Cryptographic changes
- Pervasive ECC public key-recovery to reduce transaction sizes (can be done partially without breaking compatibility completely)
- Ed25519 (variant*) for much faster validation operations. (variant because the normal way Ed25519 is specified is not key recovery compatible)
- Support for more than one public-key cryptosystem (ECDSA-k1) and key size (256bits) as a hedge against future cryptanalysis or designed-in flaws in any one algorithm. Every node must support validation of signatures with every cryptosystem, but a small number of very-cryptograpically-diverse options is still better than just one. Additional signature types could be kludged into the existing system with script extensions but would be better supported natively.
- Support for a post-quantum signature scheme. Lamport signatures have nice intuitive security properties, but it has extreme space requirements that would require structural changes to the blockchain to accommodate, (e.g. flip-chain+paytoscripthash+extensive pruning). However other post-quantum schemes like IEEE1363.1 (patent expires in 2016) do not. See the introductory chapter of DJB's book and the PQCrypto conference webpage for full details.
Privacy
Currency changes
Please don't list anything here which would significantly change the committed overall economics of the system, it's safe to assume anything with significant economic impact will _never_ be changed in Bitcoin[1], because such changes would undermine the trust people have in the system, though they may form the basis of an interesting alternative chain.
- Increase currency divisibility.
- Byte order consistency (big endian)
- Eliminate redundancies in the variable length integer encodings, possibly switch to a standard.
- Avoiding hashes covering malleable fields
Bug fixes
- CHECKMULTISIG popping one-too-many items off the stack
- Difficulty adjustment periods should overlap (prevent potential 'timejacking') Note: An ideal adjustment algorithm would ensure there is no easy dispute on "next target" for any block. Eg, it should not be possible for MinerX to set his block time 2 hours in the future to achieve a slightly higher difficulty and win any same-block-height race by default.
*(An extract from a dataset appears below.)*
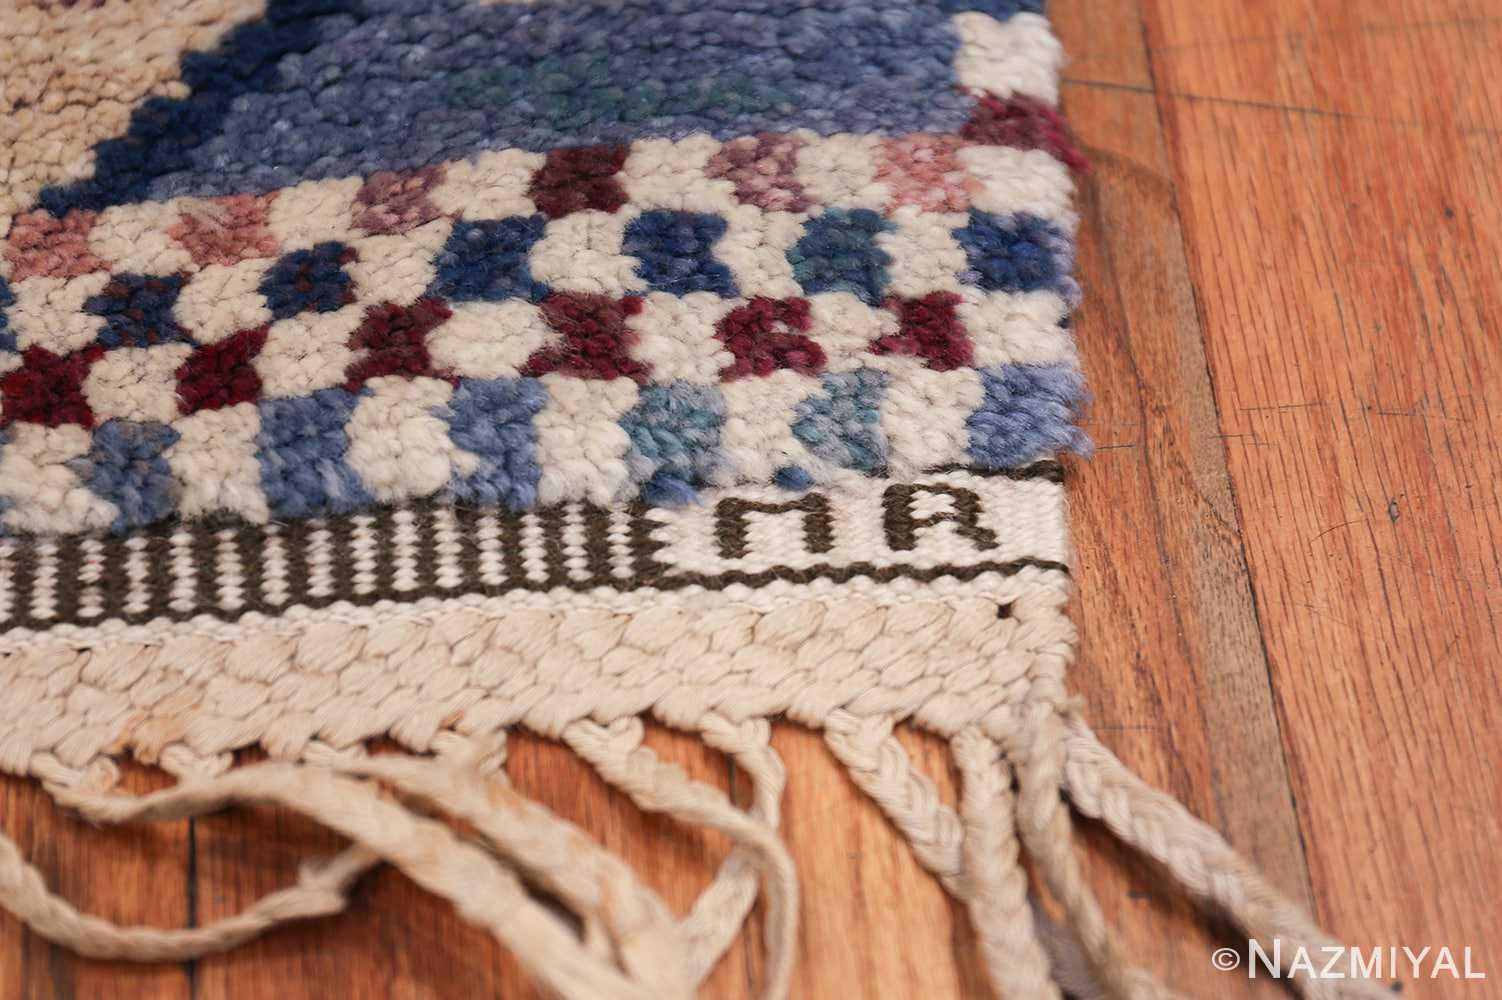 Marianne Richter vintage Scandinavian Pile Rug For Marta Mass 49824 MR Signature Initials Nazmiyal

- Difficulty adjustment should adapt to sudden hashrate loss. Note: many altchains which have attempted this have created significant security vulnerabilities in the process, but experimentation continues.
- Scripts should be fully enabled after a careful audit.
- Miners/relays should not be able to inject extra arbitrary data into transactions?
- Use the previous block hash as an explicit or implicit prev_in in coinbases when hashing them to make it ~impossible to get a duplicate coinbase, thus removing the need for a pruning node to remember coinbase hashes to prevent duplicates consistently with the rest of the network. Note that this problem has already been solved with a softfork in BIP34.
- coinbases must be parseable.
This changes would involve converting old blocks:
- uint64_t for timestamp field in blocks.